Airbus : le syndicat allemand IG Metall redoute une « catastrophe » sociale

BERLIN, 1 juillet 2020 (AFP) – Le puissant syndicat allemand IG Metall redoute une « catastrophe » sociale chez Airbus, au lendemain de l’annonce de la suppression de 15.000 postes dans le groupe, dont un tiers en Allemagne.

« Nous nous attendons à ce que Airbus assure, en dialoguant avec les représentants du personnels, l’avenir des lieux de production » en Allemagne, et « cela passe par un renoncement aux licenciements secs », estime mercredi le syndicat dans un communiqué.

L’organisation craint une « catastrophe pour les hommes et les lieux de production » en Allemagne, qui doit inciter « les politiques à trouver des solutions pour le secteur ».

Plombé par la pandémie de coronavirus, qui a plongé le secteur aérien, son principal client, dans une crise profonde, Airbus a annoncé mardi la suppression d’environ 15.000 postes en Europe, soit environ 11% de ses effectifs.

Un tiers de ces suppressions de postes doivent être réalisées en France, mais l’Allemagne est le pays le plus touché, avec 5.100 postes concernés.

« Il existe des alternatives à des suppressions de postes, telles que la diminution du temps de travail », estime le syndicat.

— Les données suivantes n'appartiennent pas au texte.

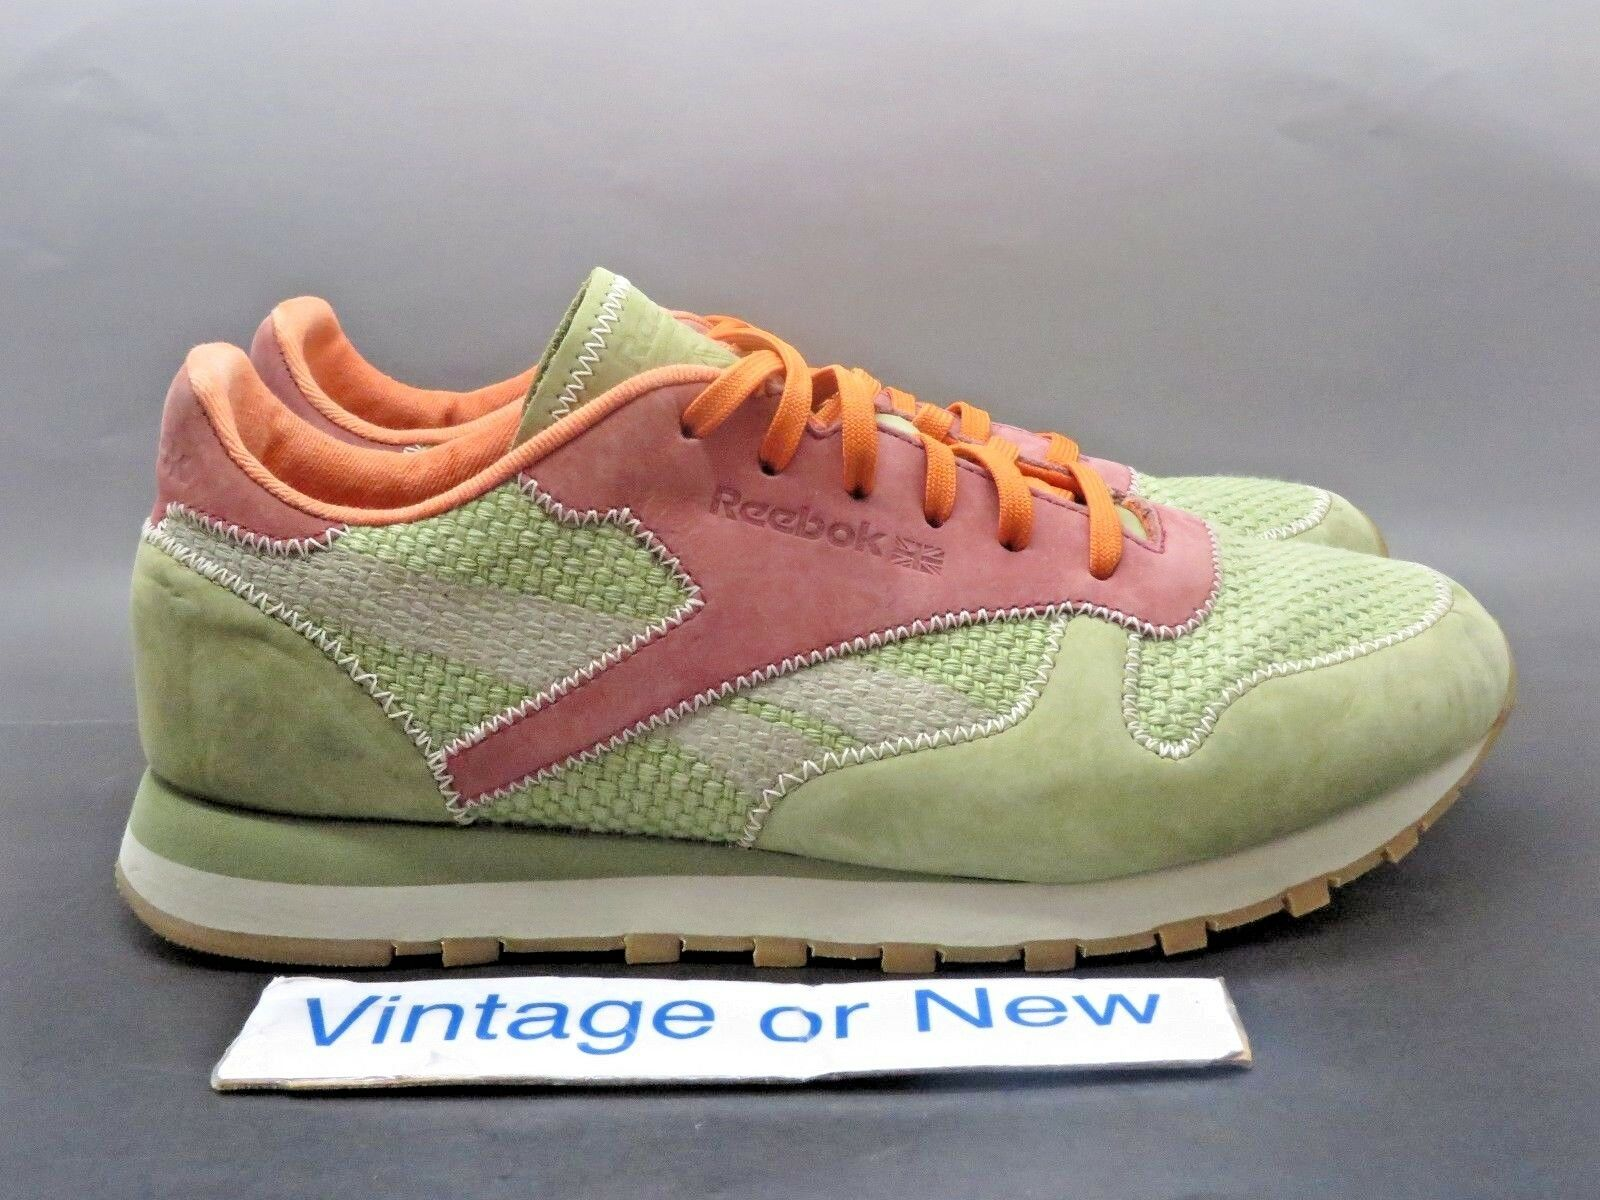 Women's Reebok Classic Hemp Light Olive Green Orange Casual Shoes sz 9.5
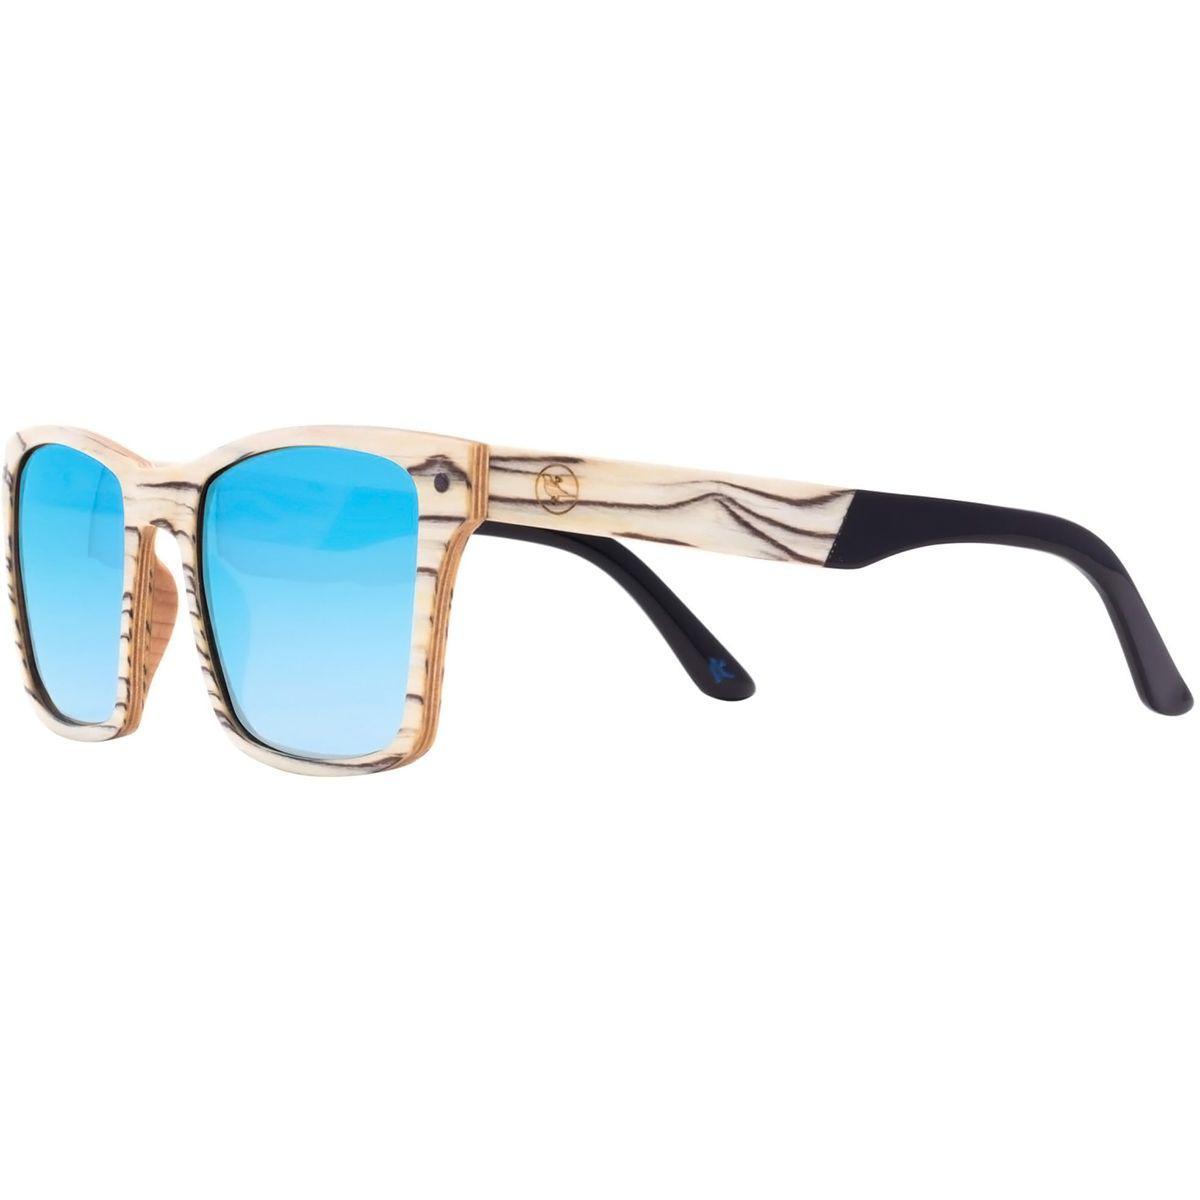 37697f83e4 Lyst - Proof Tamarack Polarized Sunglasses for Men

IG Metall appelle également le groupe aéronautique à « prolonger les dispositifs de chômage partiel ».

« Dans certains lieux de production d’Airbus, le chômage partiel n’a pas été demandé une fois en deux mois : c’est un paradoxe de discuter désormais d’un tel plan de suppression de postes », juge le syndicat.

Si Airbus a annoncé ne pas exclure de licenciements, il compte sur les départs volontaires, des mesures de retraite anticipée et sur les dispositifs de chômage partiel pour les limiter.

« Les départs contraints qui auront lieu devraient être au bout du compte bien plus limités que les chiffres annoncés aujourd’hui », a indiqué mardi à l’AFP le dirigeant du groupe, Guillaume Faury.

Les dispositifs de chômage partiel de longue durée en France et en Allemagne, en fonction de leurs « modalités précises », pourraient permettre de préserver « jusqu’à 1.000 emplois » en France, et 1.500 en Allemagne, a-t-il précisé.